_Extracted material_
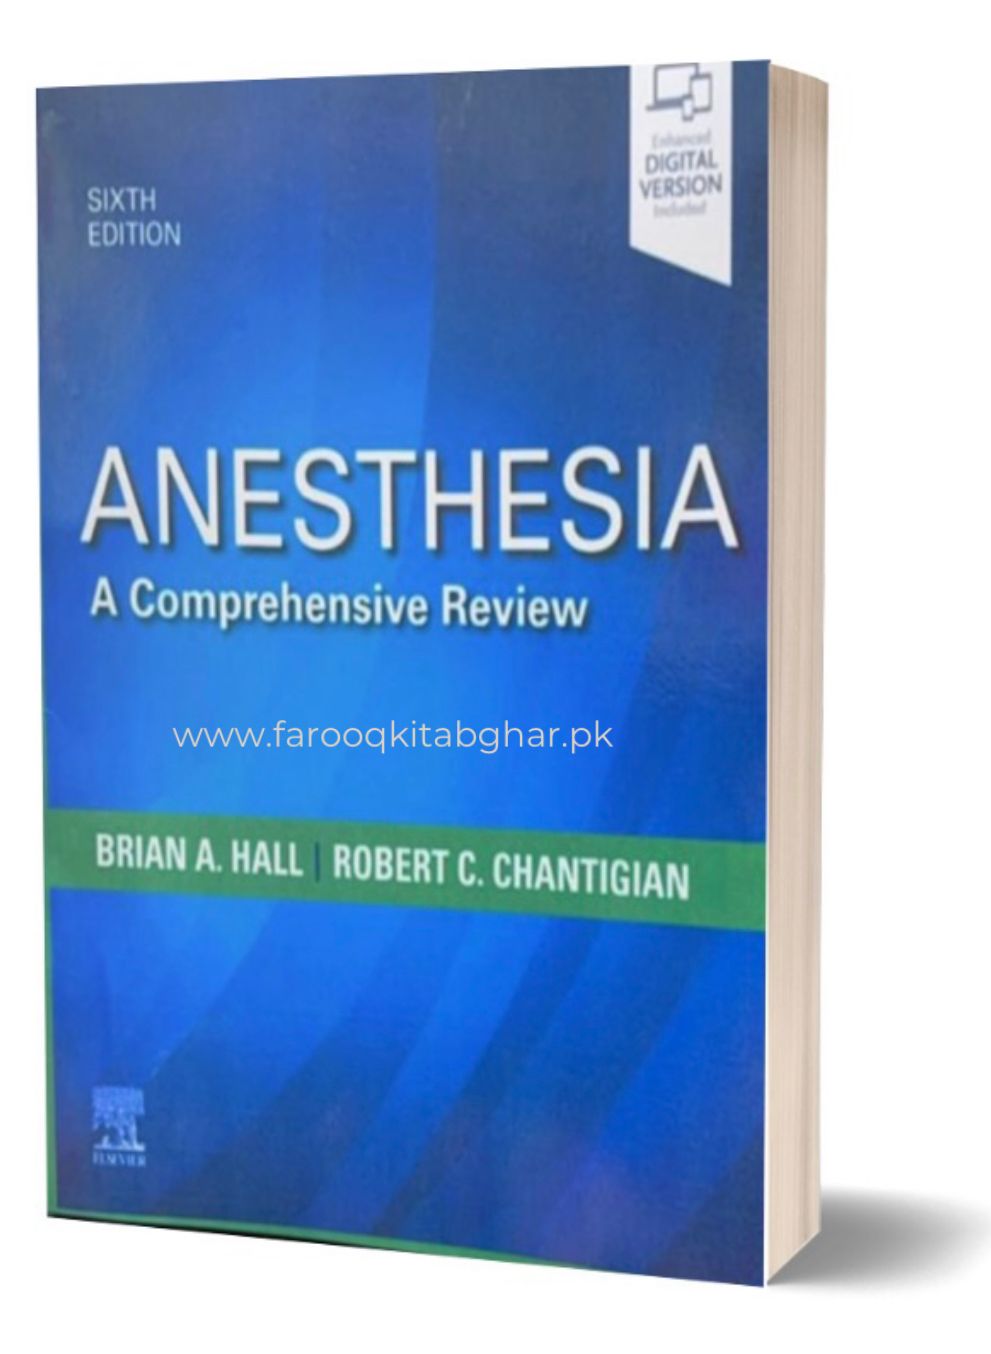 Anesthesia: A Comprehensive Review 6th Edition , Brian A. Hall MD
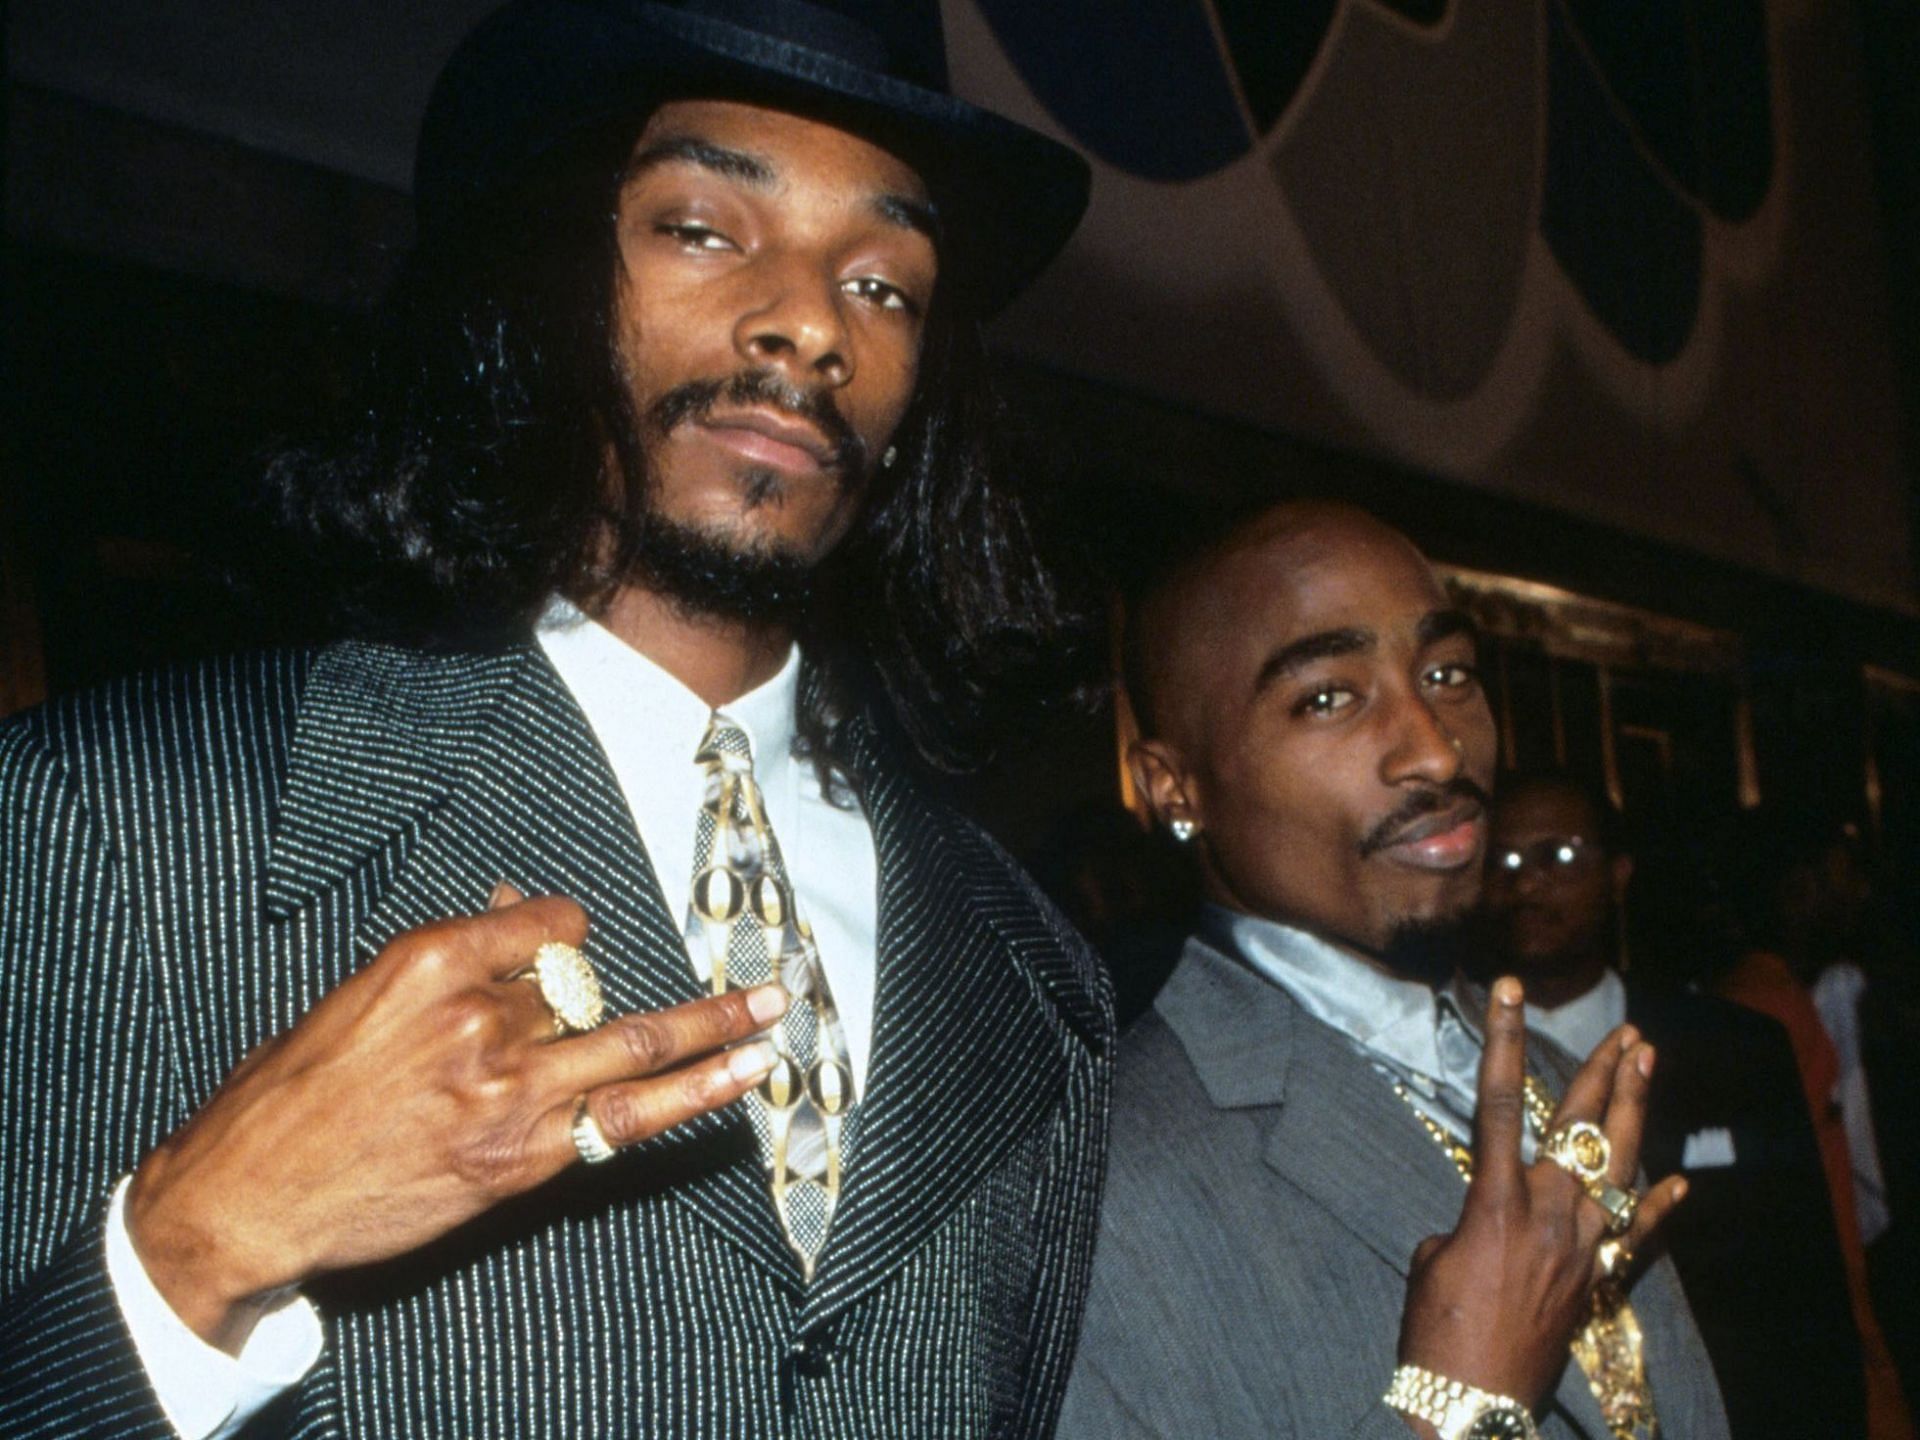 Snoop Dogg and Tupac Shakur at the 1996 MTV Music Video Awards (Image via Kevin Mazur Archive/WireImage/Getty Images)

==

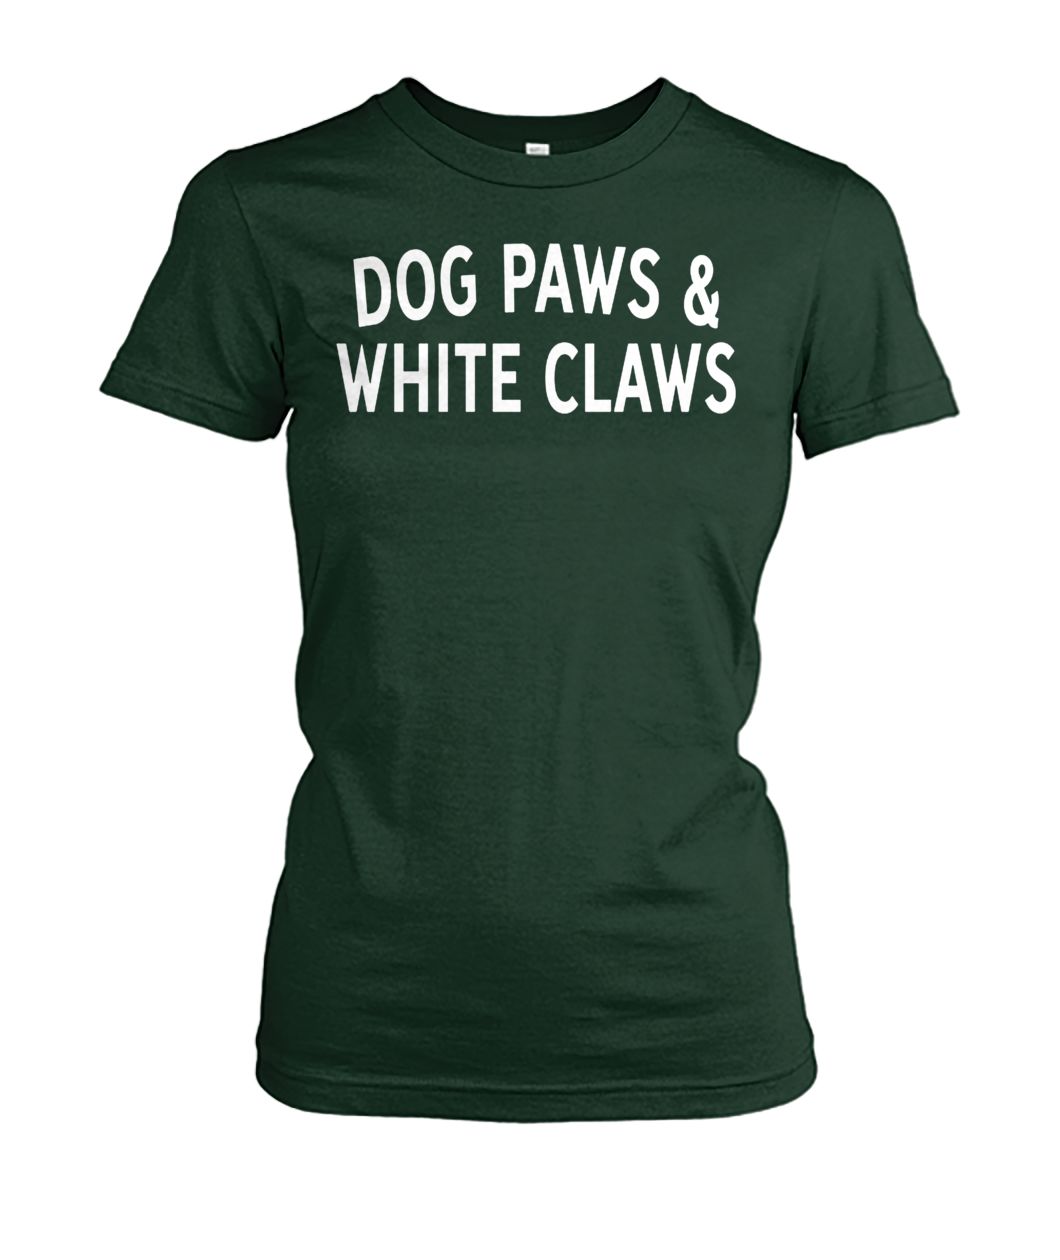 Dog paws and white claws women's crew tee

_What you will do_
Copy nothing but the lines above from the one with "Anesthesia: A Comprehensive" to the one with "Snoop Dogg and", inclusive, word for word. Leave every picture out.

_Answer section_
 Anesthesia: A Comprehensive Review 6th Edition , Brian A. Hall MD
 Snoop Dogg and Tupac Shakur at the 1996 MTV Music Video Awards (Image via Kevin Mazur Archive/WireImage/Getty Images)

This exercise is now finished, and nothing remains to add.